К моменту назначения Николая Алексеевича на должность заместителя командующего ВВС СКВО авиационное объединение состояло из трёх авиационных училищ: Качинское и Ейское высшие военные авиационные училища лётчиков, Краснодарское объединённое лётно-техническое училище и эскадрилья управления ВВС округа. Кроме того, в состав ВВС СКВО из ПВО страны в начале 1981 года было принято Армавирское высшее военное авиационное училище лётчиков имени Главного маршала авиации Кутахова Павла Степановича.
Качинское училище базировалось в городе Волгограде (штаб училища, учебно-лётный отдел, теоретический батальон курсантов). Каждый из четырёх авиационных полков училища базировался на двух аэродромах: основном и лагерном. Один полк учебных самолётов Л-29 летал на основном аэродроме Бекетовка и лагерном ― Лог, другой ― на основном аэродроме Морозовск и лагерном ― Тацинская. Один полк боевых самолётов МиГ-21 летал на основном аэродроме Лебяжье и лагерном ― Михайловка, другой ― на основном аэродроме Котельниково и лагерном ― Жутово. Работу авиационных полков обеспечивали отдельные батальоны аэродромно-технического обеспечения и дивизионы связи и радиотехнического обеспечения. Командовал училищем опытный лётчик, грамотный методист генерал-майор авиации Железняк Иван Иванович.
Ейское училище базировалось в городе Ейск Краснодарского края (штаб училища, учебно-лётный отдел, теоретический батальон курсантов). Там же базировался полк боевых самолётов Су-7б (базовый аэродром) и летал на лагерном аэродроме Будёновск Ставропольского края. Другой полк боевых самолётов Су-7б базировался на основном аэродроме Таганрог и летал на лагерном аэродроме Милерово Ростовской области. Один учебный полк самолётов Л-29 базировался на основном аэродроме Батайск и лагерном ― Погорелово, другой ― на основном аэродроме Зерноград и лагерном ― Егорлыкская. Начальником училища был генерал-майор авиации Подкопников Александр Фёдорович, а с 1979 года полковник, затем генерал-майор авиации, Гришин Виктор Владимирович, бывший комэск в период командования генералом Полуйко Н.А. полком в Лебяжье.
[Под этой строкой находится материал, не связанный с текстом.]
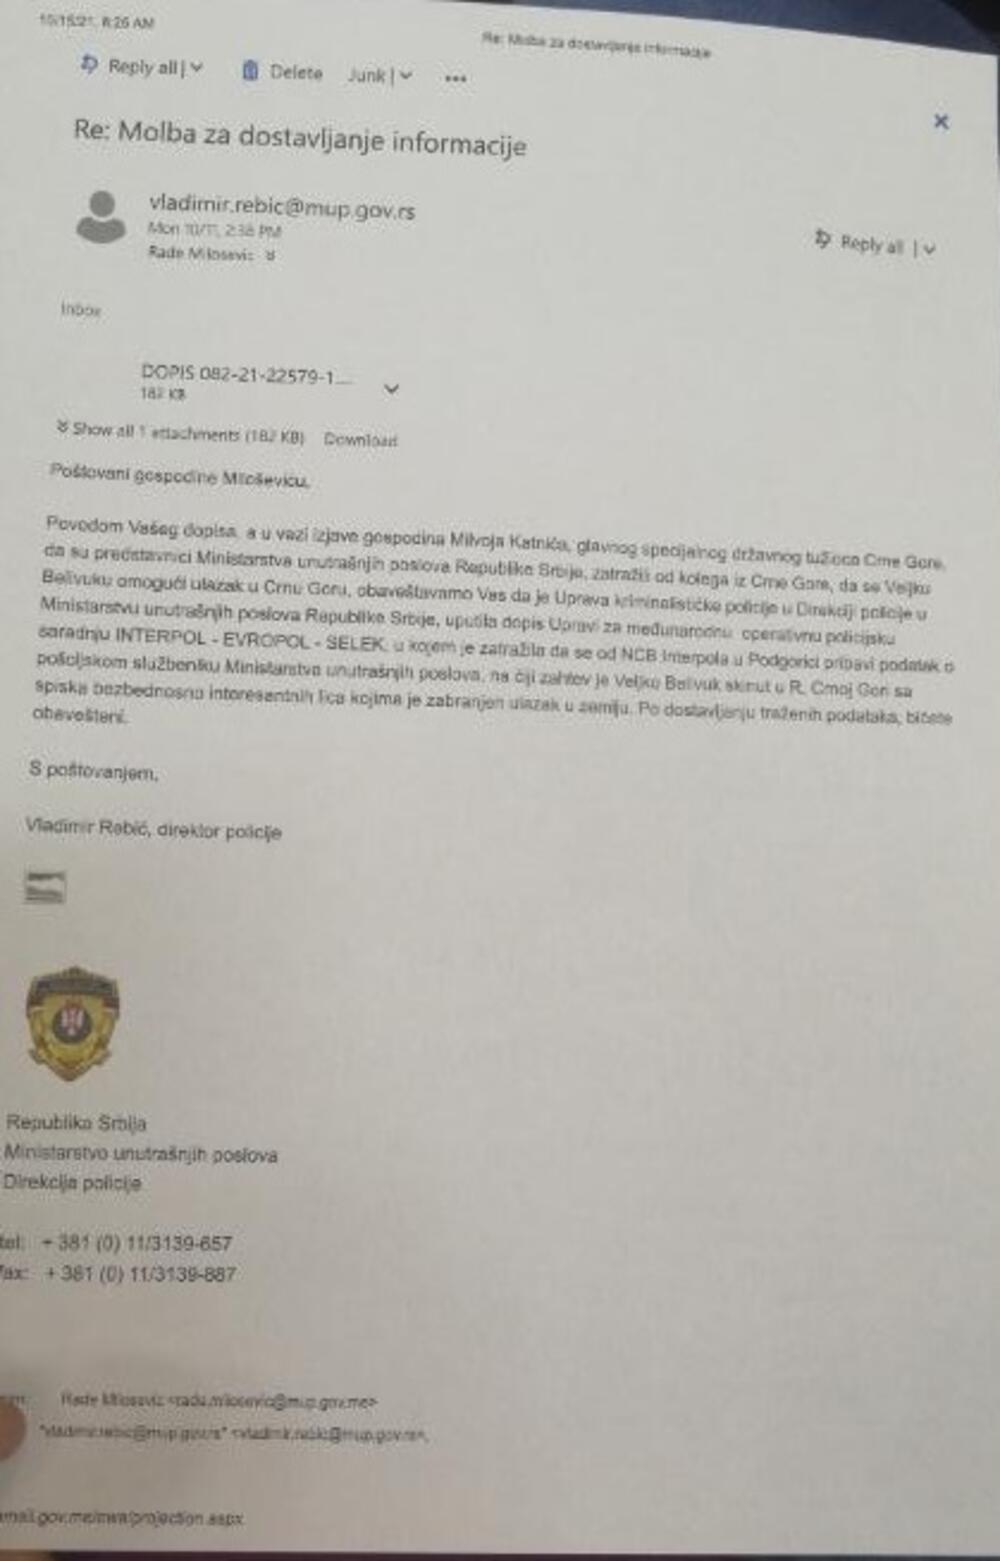 Odgovor direktora policije Srbije

Генерал-майоры авиации Подкопников, Полуйко и полковник Степанов на сборах руководящего состава ВВС СКВО..
.
Краснодарское училище базировалось на аэродроме Краснодар (штаб, учебно-лётный отдел, подготовительный и технический курс, один полк боевых самолётов МиГ-21, Су-7б, Су-22 и МиГ-25). Другой полк боевых самолётов МиГ-17 и МиГ-21 базировался на аэродроме Кущёвская. Полк учебных самолётов Л-29, затем Л-39 базировался на аэродроме Приморско-Ахтарск и летал ещё на лагерном аэродроме Ново-Минская. Начальником училища был генерал-майор авиации Куцев Николай Дмитриевич, сменивший генерала Полуйко Н.А.
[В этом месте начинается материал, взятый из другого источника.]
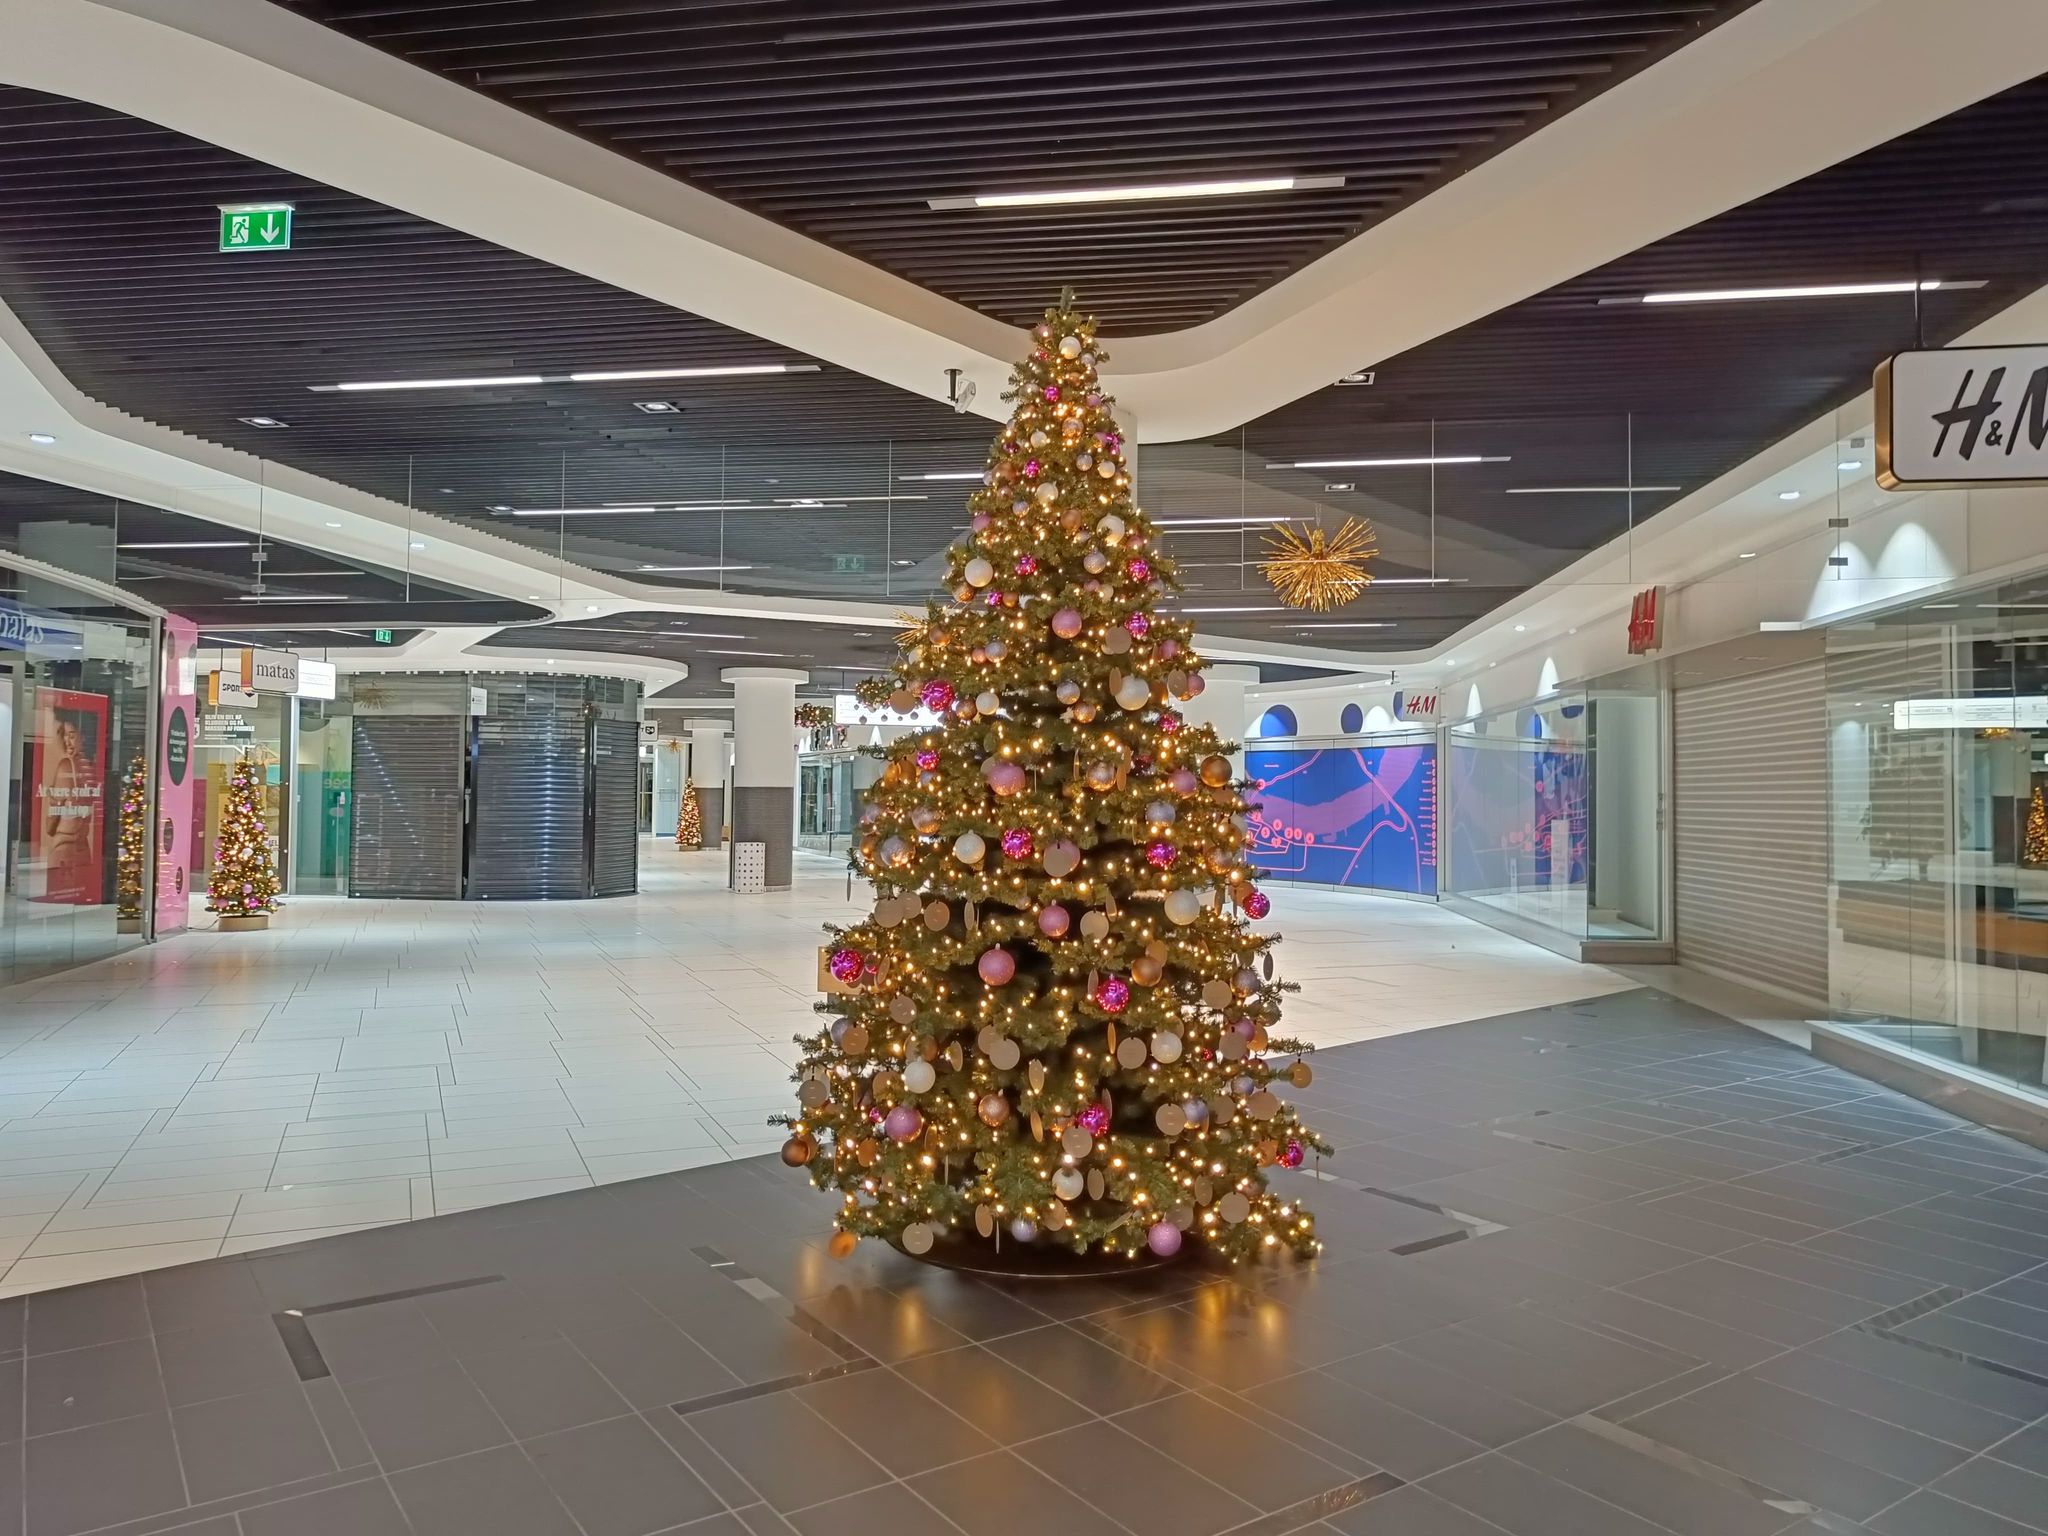 Kunstigt juletræ med julekugler og lyskæder

Армавирское училище базировалось на аэродроме Армавир (штаб, учебно-лётный отдел, теоретический батальон курсантов и один полк боевых самолётов двумя эскадрильями самолётов МиГ-23 и двумя эскадрильями МиГ-21, позже полк перешёл полностью на самолёты МиГ-23). Этот полк двумя эскадрильями летал на лагерном аэродроме Бароновский, а в период строительства на нём искусственной полосы использовал аэродром Моздок. Другой полк боевых самолётов МиГ-21 базировался на аэродроме Майкоп и летал на лагерном аэродроме Гиагинская. Учебные полки самолётов Л-29 базировались: один полк на основном аэродроме Аджи-Кабул Азербайджанской ССР и летал на лагерном аэродроме Сангачалы, другой ― на основном аэродроме Сальяны и летал на лагерном аэродроме Пирсагат.
Это училище за свою историю неоднократно меняло свою подчинённость в составе видов Вооружённых Сил страны. Оно было создано в СКВО на базе Армавирского резервного истребительного авиационного полка ВВС в декабре 1940 года с названием „Школа лётчиков-истребителей”. В январе 1941 года школе было присвоенное наименование „Армавирская военная авиационная школа пилотов” (АВАШП). В сентябре 1942 года АВАШП была перебазирована в Фергану, Учкуган, Андижан, Наманган. В октябре 1945 года Армавирская военная авиационная школа пилотов была переведена на новые штаты, перебазирована в Армавир и получила наименование „Армавирское военное авиационное училище летчиков”.
В марте 1960 года авиаучилище было преобразовано в высшее. В то же время произошло переподчинение его из Военно-Воздушных Сил в состав Войск противовоздушной обороны СССР.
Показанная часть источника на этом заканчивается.